Append-only - the idea was that agents should only add code, never edit it. But if units are small enough to fit in a few dozen tokens, regenerating one is cheaper than maintaining append-only structural constraints. Small self-contained units (principle 3) make this unnecessary.
Immediate feedback - fast error cycles are critical for agents, but that’s a property of the runtime and tooling (ilo verify, typed errors, zero-startup execution), not the language design itself. It matters for the ecosystem but doesn’t constrain language decisions, so it doesn’t belong in the principles.
The Name
Section titled “The Name”ilo is the Toki Pona word for “tool.”
Toki Pona is a constructed language built around radical minimalism. ~120 words. 14 phonemes. Complex ideas expressed by combining simple terms. It constrains human expression to force clarity of thought.
ilo does the same for machine programmers. A minimal, verified vocabulary. Complex programs built by composing small, self-contained units. The constraint is the feature.
What ilo Is Not
Section titled “What ilo Is Not”Not a framework for building AI agents. There are plenty of those. ilo is a language for agents to write programs in.
Not optimised for human readability. Humans can read it - it’s not obfuscated - but no decision is made because it “looks cleaner” or “reads more naturally.” If a design is uglier but costs fewer total tokens, it wins.

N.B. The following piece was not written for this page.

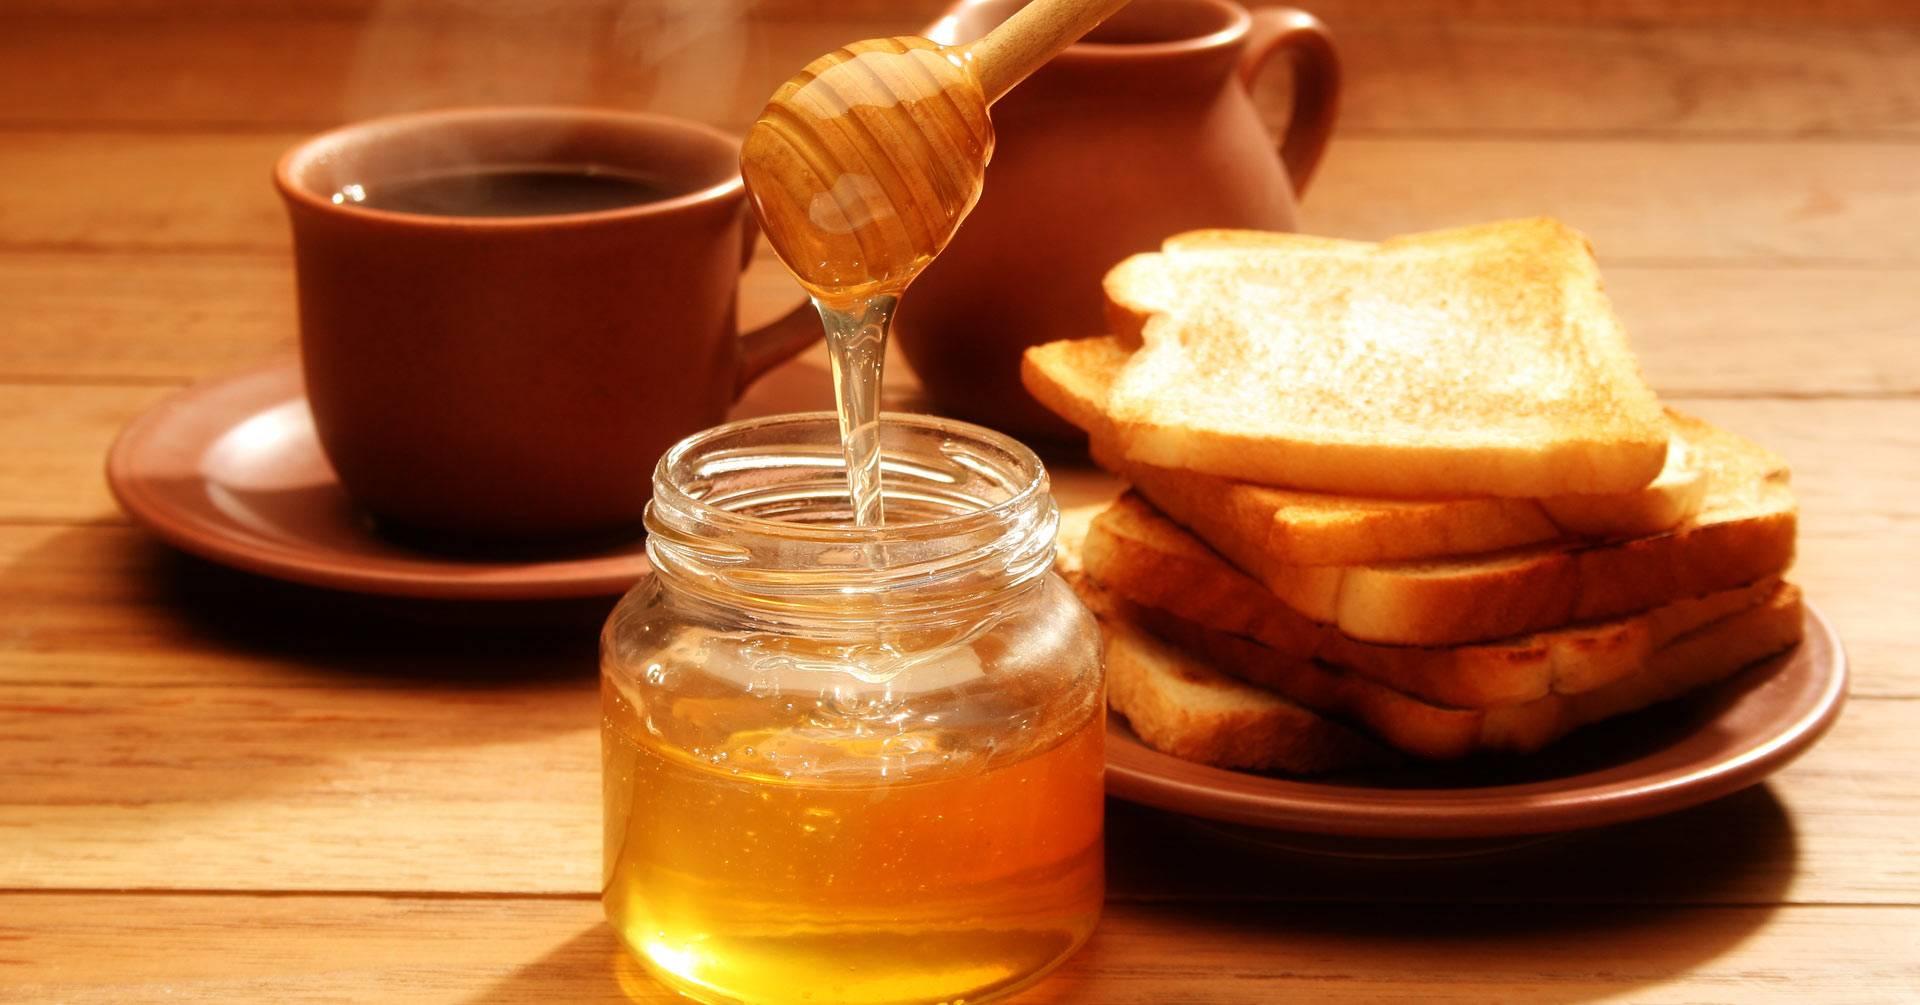 Мед при хроническом панкреатите

Not theoretical. Every principle here addresses measured failure modes in AI-generated code: hallucinated APIs, context window exhaustion, wasted retry cycles from vague errors.
What ilo Is
Section titled “What ilo Is”A minimal, verified action space - the smallest set of constructs an agent needs to express computational intent, with relationships made explicit and everything else stripped away.